→ **What to produce**:
The data is to be retyped in full, exactly.

→ **Source material**:

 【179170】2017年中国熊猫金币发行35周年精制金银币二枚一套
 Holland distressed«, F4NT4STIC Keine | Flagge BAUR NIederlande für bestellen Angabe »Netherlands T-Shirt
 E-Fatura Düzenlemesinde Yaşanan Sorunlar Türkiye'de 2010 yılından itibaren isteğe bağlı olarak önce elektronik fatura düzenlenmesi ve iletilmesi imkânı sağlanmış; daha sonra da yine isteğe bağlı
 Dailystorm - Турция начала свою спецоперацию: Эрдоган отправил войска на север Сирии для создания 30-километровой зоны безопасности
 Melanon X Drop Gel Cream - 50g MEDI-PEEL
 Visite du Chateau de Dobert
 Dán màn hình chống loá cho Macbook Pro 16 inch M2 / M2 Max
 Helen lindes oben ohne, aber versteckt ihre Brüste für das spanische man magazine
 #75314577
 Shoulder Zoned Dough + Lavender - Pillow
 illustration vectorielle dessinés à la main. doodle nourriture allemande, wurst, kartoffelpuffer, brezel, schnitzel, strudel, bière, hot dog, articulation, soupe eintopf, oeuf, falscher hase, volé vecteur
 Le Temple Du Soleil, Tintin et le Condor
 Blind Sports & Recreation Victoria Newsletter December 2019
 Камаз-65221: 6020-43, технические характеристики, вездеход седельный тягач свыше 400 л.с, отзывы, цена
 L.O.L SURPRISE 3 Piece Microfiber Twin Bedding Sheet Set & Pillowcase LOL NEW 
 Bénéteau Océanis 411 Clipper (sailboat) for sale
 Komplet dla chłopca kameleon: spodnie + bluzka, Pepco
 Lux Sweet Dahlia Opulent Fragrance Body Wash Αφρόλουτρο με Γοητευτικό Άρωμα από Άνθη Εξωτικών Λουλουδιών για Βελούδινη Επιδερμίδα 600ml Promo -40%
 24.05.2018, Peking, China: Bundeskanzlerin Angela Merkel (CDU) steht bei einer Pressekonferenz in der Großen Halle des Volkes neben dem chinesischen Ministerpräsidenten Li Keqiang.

→ **Worked solution**:
 【179170】2017年中国熊猫金币发行35周年精制金银币二枚一套
 Holland distressed«, F4NT4STIC Keine | Flagge BAUR NIederlande für bestellen Angabe »Netherlands T-Shirt
 E-Fatura Düzenlemesinde Yaşanan Sorunlar Türkiye'de 2010 yılından itibaren isteğe bağlı olarak önce elektronik fatura düzenlenmesi ve iletilmesi imkânı sağlanmış; daha sonra da yine isteğe bağlı
 Dailystorm - Турция начала свою спецоперацию: Эрдоган отправил войска на север Сирии для создания 30-километровой зоны безопасности
 Melanon X Drop Gel Cream - 50g MEDI-PEEL
 Visite du Chateau de Dobert
 Dán màn hình chống loá cho Macbook Pro 16 inch M2 / M2 Max
 Helen lindes oben ohne, aber versteckt ihre Brüste für das spanische man magazine
 #75314577
 Shoulder Zoned Dough + Lavender - Pillow
 illustration vectorielle dessinés à la main. doodle nourriture allemande, wurst, kartoffelpuffer, brezel, schnitzel, strudel, bière, hot dog, articulation, soupe eintopf, oeuf, falscher hase, volé vecteur
 Le Temple Du Soleil, Tintin et le Condor
 Blind Sports & Recreation Victoria Newsletter December 2019
 Камаз-65221: 6020-43, технические характеристики, вездеход седельный тягач свыше 400 л.с, отзывы, цена
 L.O.L SURPRISE 3 Piece Microfiber Twin Bedding Sheet Set & Pillowcase LOL NEW 
 Bénéteau Océanis 411 Clipper (sailboat) for sale
 Komplet dla chłopca kameleon: spodnie + bluzka, Pepco
 Lux Sweet Dahlia Opulent Fragrance Body Wash Αφρόλουτρο με Γοητευτικό Άρωμα από Άνθη Εξωτικών Λουλουδιών για Βελούδινη Επιδερμίδα 600ml Promo -40%
 24.05.2018, Peking, China: Bundeskanzlerin Angela Merkel (CDU) steht bei einer Pressekonferenz in der Großen Halle des Volkes neben dem chinesischen Ministerpräsidenten Li Keqiang.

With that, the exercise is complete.